In the meantime, I'm searching for a part-time job, cuz I'm a 23 year-old student and as said I'm on a budget. Maybe on Xmas I could get some boost thanks to my parents, but at this moment I only have around 300USD handy to buy the bike.

I basically don't know if there will be a lot of difference among the different options I've contemplated, for example the Vent Noir vs the Grand Record vs Mirage Sport (with 2 brake levers on each side)

I want a fast bike without worrying to upgrade components to highten the competitiveness on the bike if I decide to race on it.

Regarding your comment on MTBiking, I've not so much experience on riding off-road and descending pretty hard/rough trails, as a matter of fact I've had 2 not so nice accidents on my MTB, first happended on a race, the second happened about a week ago riding with advanced riders on a very tricky downhill sections, for some reason I put my weight forward and went over the handlebars, resulting on a dented helmet, with bruises on my shoulder and knee.
I find road riding much more easier, and maybe in the future I focus on doing more road races (I've have to travel around 12km) to go to areas with offroad terrain, but here in my town there are no trails, just go where the adventure calls you, no nice terrain, with lots of loose rocks and very tricky conditions.

I recently equipped my MTB with shimano PD520 pedals, I wondering if the cleats on my MTB shoes can be used on the clipless pedals the Vent Noir has.
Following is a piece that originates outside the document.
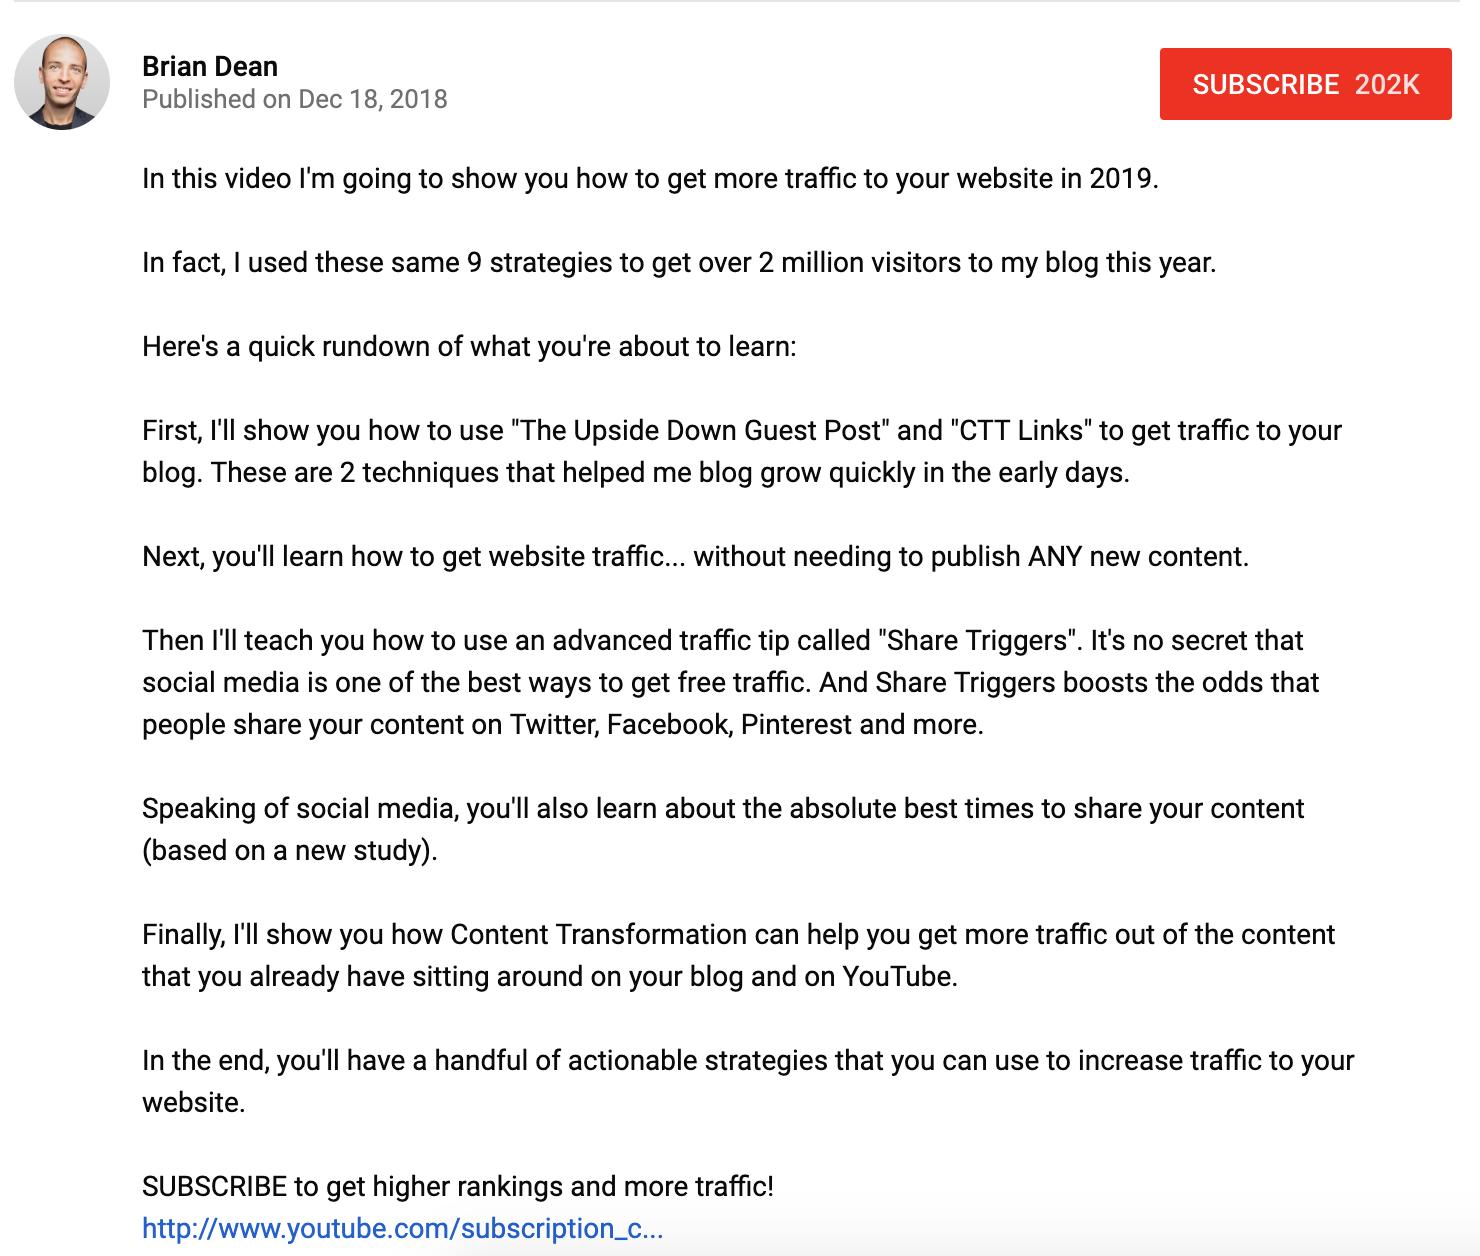 Descripción del video de YouTube de Brian Dean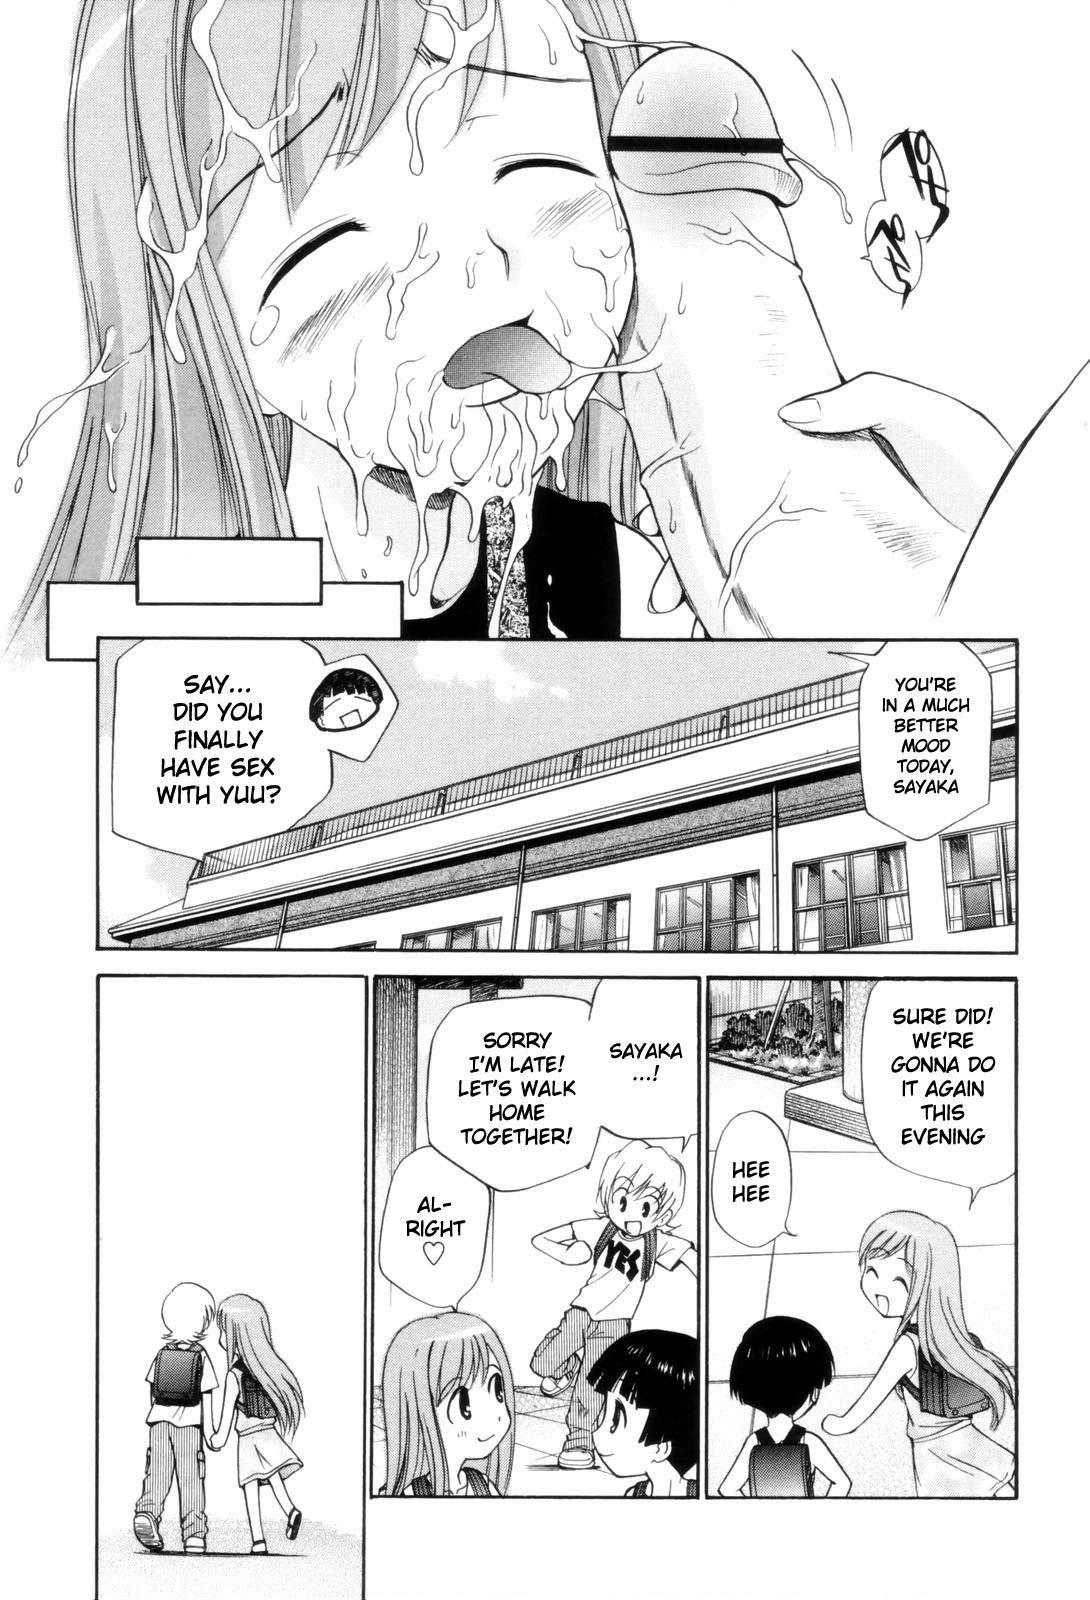 [Kamirenjaku Sanpei] Tonari no Sperm-san Ch.0-7+Epilogue [ENG] 119

Is it a necessity to buy road shoes, I just bought my specialized bg taho shoes for 75USD a month ago, I don't want to spend again on shoes, but I want to go ride clipless on my road bike.
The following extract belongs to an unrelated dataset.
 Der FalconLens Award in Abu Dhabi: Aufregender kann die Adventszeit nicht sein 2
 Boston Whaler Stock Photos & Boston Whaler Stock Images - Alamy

Thanks again for your help, very informative stuff you've written.


----------



## sonex305 (Jun 17, 2007)

I had a Vent Noir from '05 and it was a great bike. I had quite a few miles on mine before going to the Immortal Force. Unfortunately, the 2007/08 models have lesser components on them than the one I bought, but it is still a great bike and I don't think you would be sorry if you got it. As for your MTB shoes working, the pedals that come with the BD bikes are 2 hole SPD style pedals so if that's what your shoes are you should be good to go. I used mountain shoes with my road bike for years, so no big deal there. In fact, they were more comfortable, but not as stiff. Good luck with your purchase!


----------



## mikeyp.1 (May 24, 2006)

It is a very nice bike-a friend wanted a road bike&I told him to order one and I assembled it-nice bike for 699-local lbs had similar spec bike on sale for 1099-plus you would pay like 90 in sales tax-If you make a little more you could go up one more rung to the sprint-just the crankset is like 300 grams lighter-2/3 lb-also has ultegra&105 stuff-but you will enjoy the VN.I ride in mountain shoes as my heel gets sore in my hard road shoes.


----------